I charge a LATE FEE rather than interest. My invoices are specific, due upon receipt, with a late charge of $25.00 for every 30 days late. After 90 days I file a claim in small claims court. I only have several clients that are still invoiced, every one else is CASH AT DOOR.
 
What Greg says.

I'm glad you didn't describe this client as "good" 'cause somebody that doesn't pay timely ain't. I"ve never been able to collect interest or late fees. The only leverage I've ever felt I've had is work for that client that is not delivered. Not that I'd hold hostage an appraisal, but I've been known to move a status inquiries to a discussion of accounts payable.

Which brings to mind the old adage (and maybe the only thing we have in common with MBs): three rules of doing business - get the money up front; never trust the b@$^@&%$); get the money up front.

ROR
 
It's a great deal of fun to charge a late fee to banks!

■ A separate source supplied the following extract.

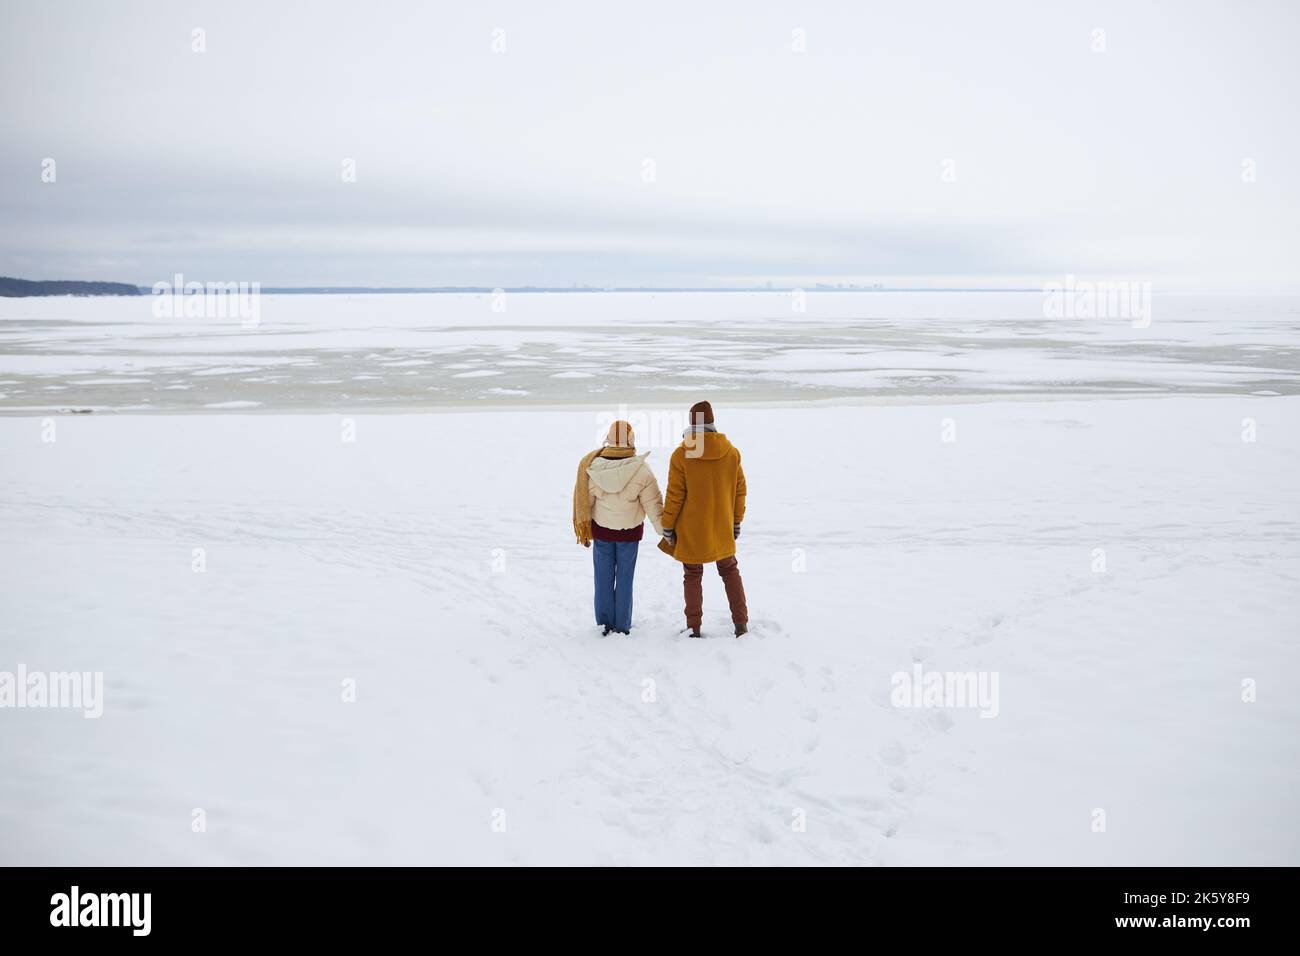 Weitwinkelaufnahme eines jungen Paares, das am gefrorenen Meer steht und die minimale Winterlandschaft überblickt, Kopierfläche Stockfoto

Quoting the 'Cleveland Regional Loan Center VA Fee Appraiser Training' --

"Recently we have noted an increase in collection activity for the non-payment of appraisal fees properly due VA Fee Appraisers from some lenders and mortgage holders. Therefore, effective with appraisal assignments ordered on or after the effective date of this release, appraisers and other fee personnel are authorized to collect a reasonable late charge for fees that are not paid promptly. Reasonable 'late charges' are defined as no greater than $15.00 per month after 60 days have elapsed from the date of billing. Further, in those cases where VA has documented evidence of non-compliance with this policy, fee appraisers may be given authorization to collect their fee prior to the performance of the appraisal."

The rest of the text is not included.